Medicare Basics

Written by : Linda Patch, Financial Advisor

Does anyone want to talk about Medicare? Anyone? Maybe not, but it’s one of those things that we all need to know about. And it’s complicated, so let’s get started!

What is Medicare?

As you may know, Medicare is health insurance offered through the federal government for people who are 65 years old or older (as well as those with disabilities or certain illnesses). You must be eligible for Social Security benefits in order to qualify for Medicare.

What are the different parts of Medicare?

There are several components of Medicare, and each one covers a different aspect of healthcare needs. The most common ones include:

Part A, which covers hospitals, nursing facilities and home health services

Part B, which covers doctor visits, diagnostic tests and durable medical equipment

Part D, covering prescription drugs, and

Part C, also known as Medicare Advantage, which is an alternative to Original Medicare, and covers everything Original Medicare covers, plus options to add vision, hearing and dental insurance.
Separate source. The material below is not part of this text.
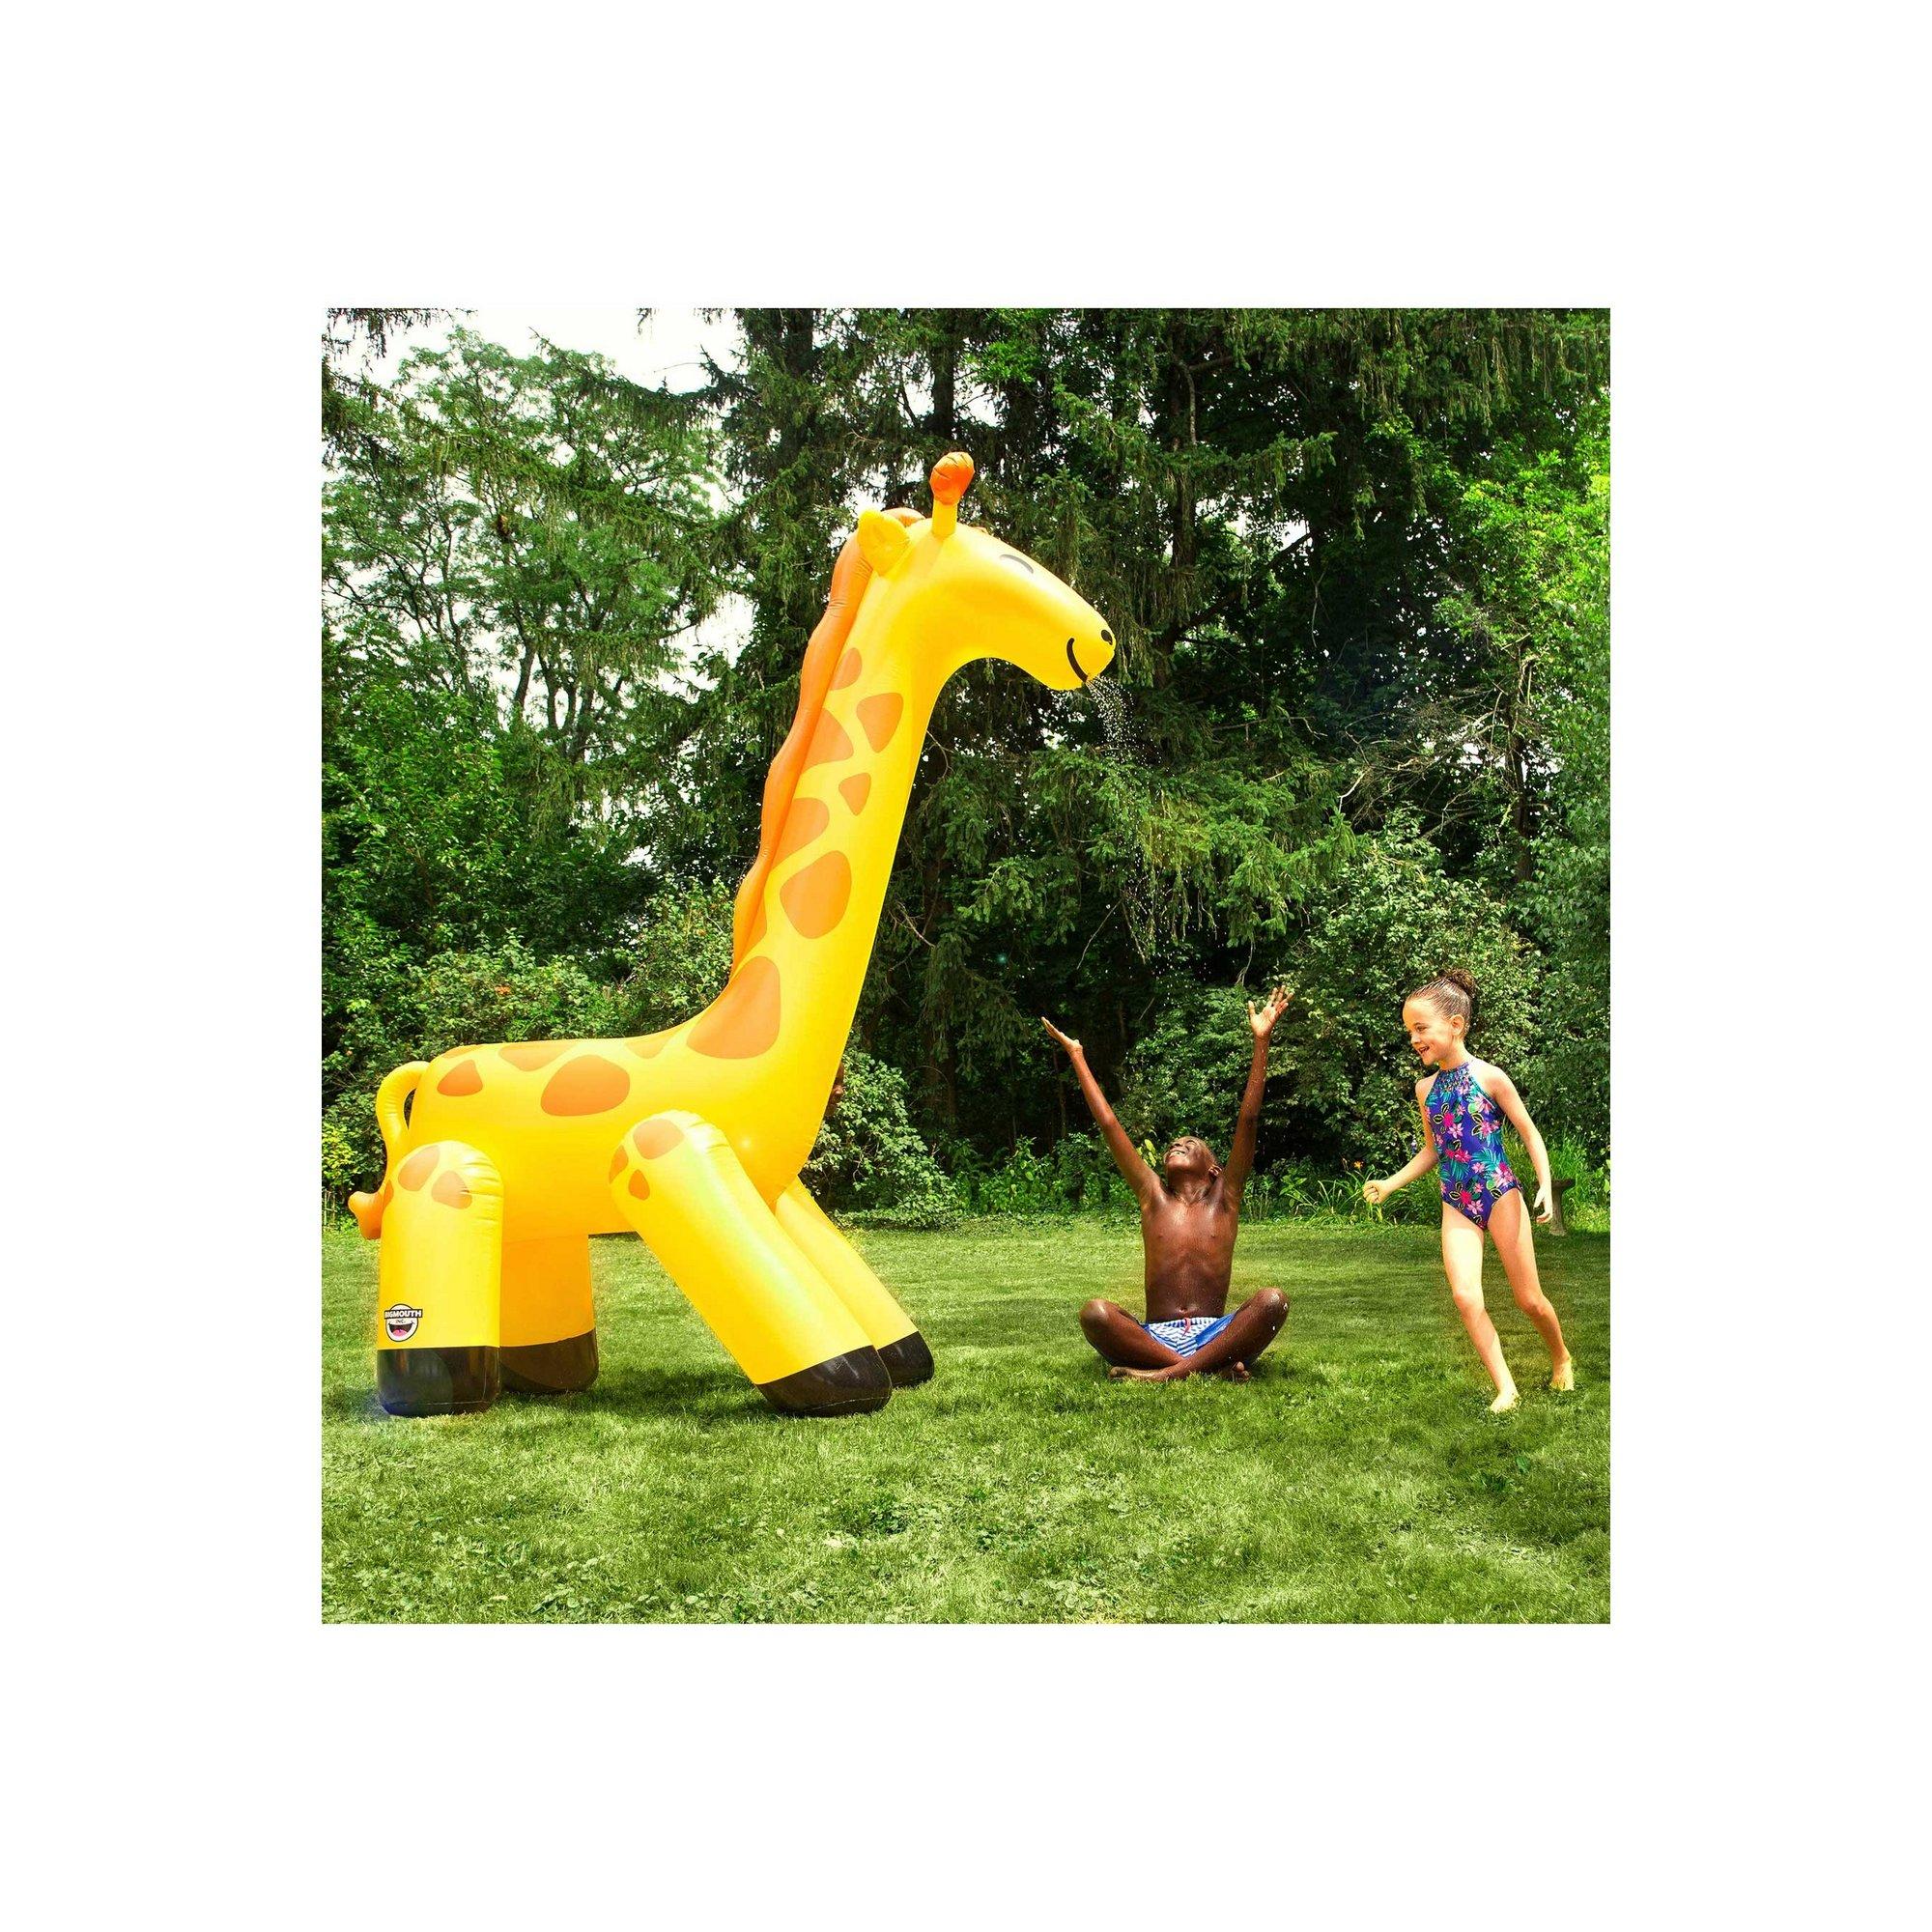 Image of Giraffe Yard Sprinkler 10ft tall

It also usually includes Part D for prescription drugs.

There are strict rules regarding Medicare enrollment.

One tricky part of starting down the Medicare path is enrolling on time. You can begin the process during a seven-month period starting three months before your 65th birthday called the Initial Enrollment Period. If you don’t sign up during that period, you could be assessed a late penalty as well as higher premiums.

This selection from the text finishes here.